Где, утоляя жалких, свой золотой Покров,
Греками иль болгарами названный “омофор”,
Держит над миром Матерь выше любых даров,
Как бы ни пела плаха, как бы ни сек топор.
НА АННУ ТЕПЛУЮ
Бабка в валенках,
Согбенная, идет.
Бабка маленька —
Сквозь город-идиот.
Людный, каменный —
Да пустыни пустей.
Ад в нём — пламенный,
Ан холод — до костей.
Зимней шапкою
По августу трясти?..
Губы шамкают,
Иконочка в горсти.
Цветик аленький —
Аргоновы огни...
Бабку маленьку
Спаси и сохрани!
___
* "Анна теплая" — 7 авуста по нов. ст.
* * *
У зим бывают имена.
. . . . . . . . . . . . . . . . . .
И я порою зимней, длинной
Влюблялся и сходил с ума...
Давид Самойлов
Я придумаю самую лживую лжу,
Только имя зимы никому не скажу.
Образком сокровенным в груди затвержу
И скользну под колоду подобно ужу.
За щекой утаю золотым леденцом,
Сигану в полынью, да и дело с концом.
И на дне-глубине буду имя катать —
Сладостраст, страстотерп, суеверен, как тать.
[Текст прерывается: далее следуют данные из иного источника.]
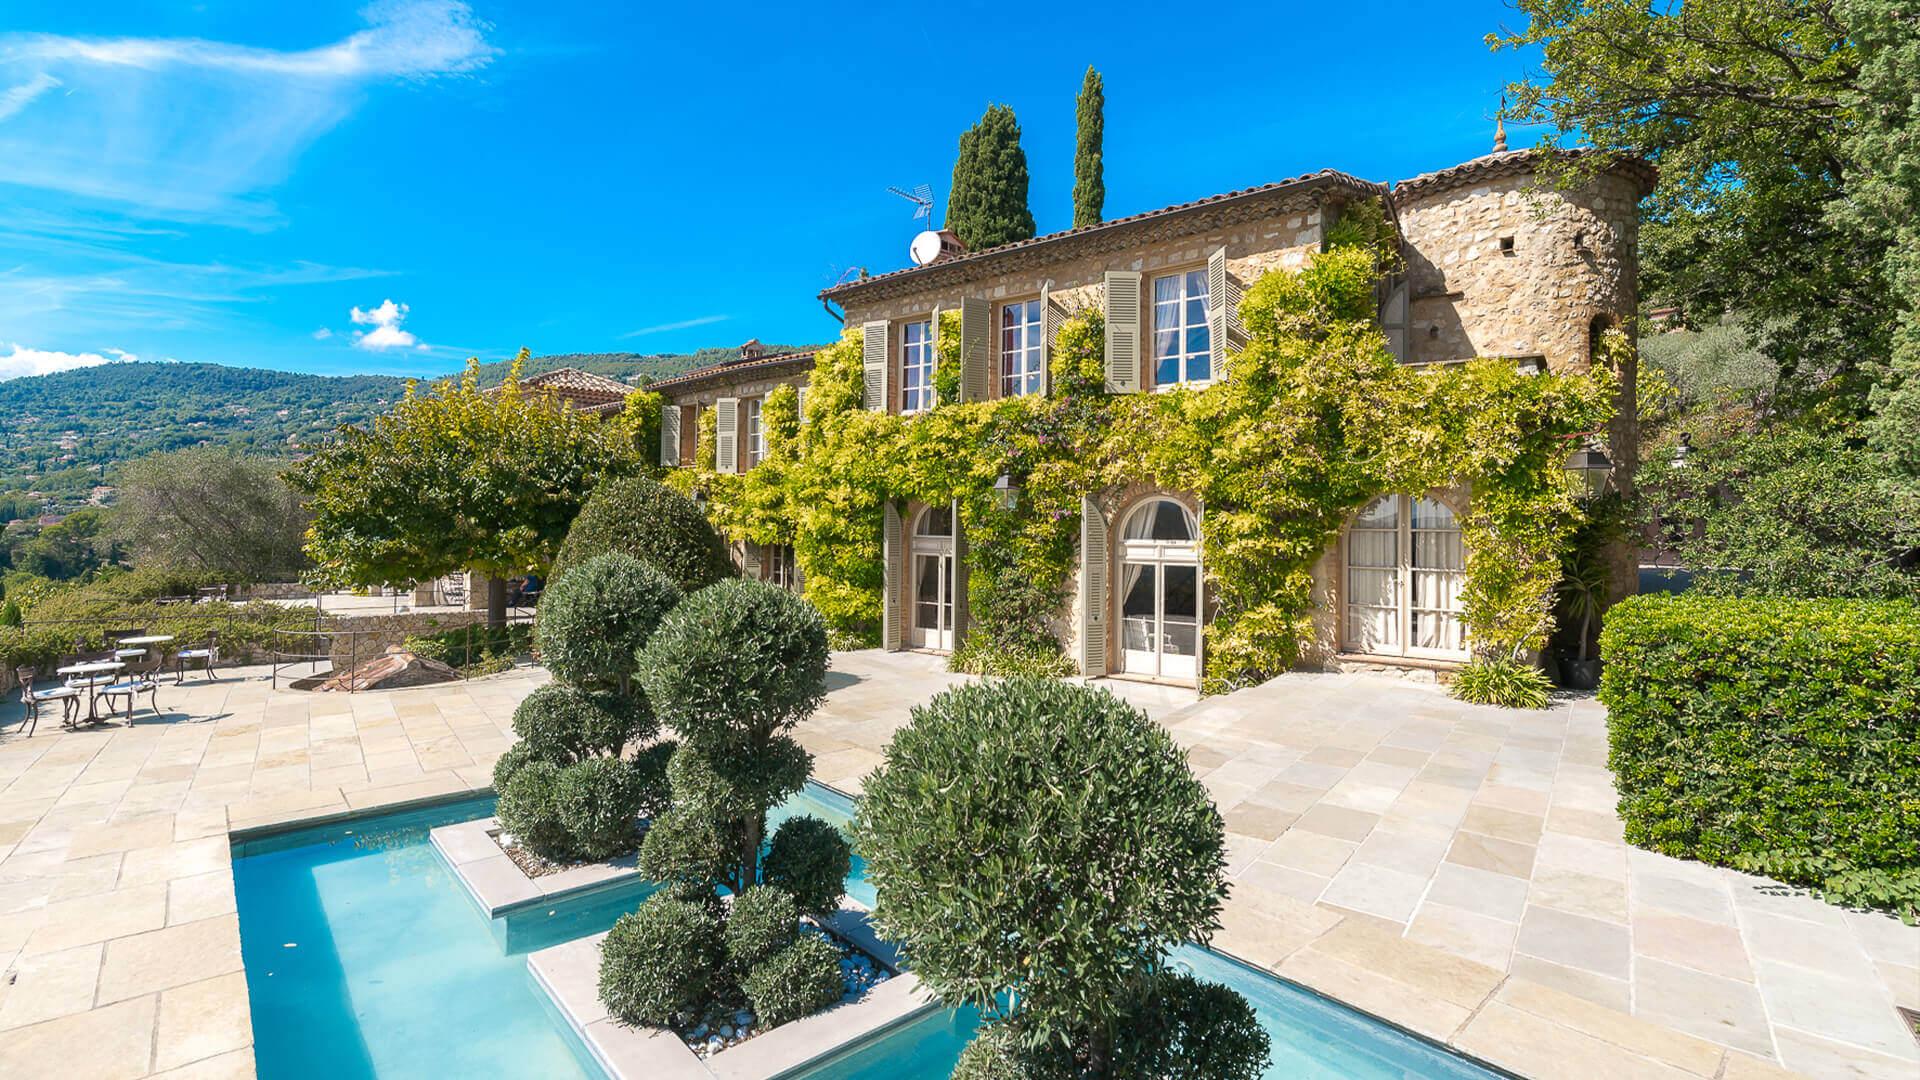 Bastide Provencale front of villa with fountain

Коль дарована радость, о ней и радей,
Хоронись, как от сглазу, от добрых людей.
Не сумеешь сокрыть — завтра будешь спасать.
Ведь начнут помелами часами чесать:
— Говорят, у него... Говорят, что она...
— Отойдите, собаки! Какого рожна!?
Имя тайной зимы я скажу лишь Тому,
Кто меж нас, но над нами. Ему, Одному.
В храм войду и затеплю прямую свечу.
Над свечой имя этой зимы прошепчу.
И, смиренный, предстану — как будто под нож.
Что, убьешь? Убивай! Все равно не убьешь!
Ты ж со мною ночами о ней говорил!
Ты же Сам это имя зиме подарил!
Не в Твоей ли горсти я дрожаньем дрожу,
Как молитву, любимое имя твержу!
И в глазу Его отчем зачнется слеза,
Разрешая мне то, что иному — нельзя.
* * *
...Где бы ни был —
ты всегда у Небесных Врат,
и повсюду — вот он — и под, и над —
Ерусалим всесветлый, небесный град,
вопреки реальности, имя которой — ад.
О, пошарь, преступи черту,
если ты жив вообще —
скулящий, ноющий денно и нощно вотще;
коли взыскуешь лишь для жратвы куска,
лиловым зевом зияет твоя тоска.
А за стеною, в такой же пустыне, лежу и я —
ах, нам бы манну небесну глотать не жуя!
Но паче заветной манны алчем мы пищи земной.
Оттого ли жизнь истекает, словно из раны гной?
Пред иорданью горнею как преклонить шелом?
Где же ангел-привратник, что говорит: «Шолом»,
в белое обряжает и отворяет врата?
Господи, — говорю я, — где ж она, та черта?
Господи, — говорю я, —
хлеб наш насущный даруя днесь,
за унынье прости мя и, равно, за песью спесь,
за вселенскую леность, недвижную, как налим!
Ибо тот упасется, кто жил и дышал лишь им:
Ерусалим, — твержу я, —
где же ты, град мой небесный, Ершалаим?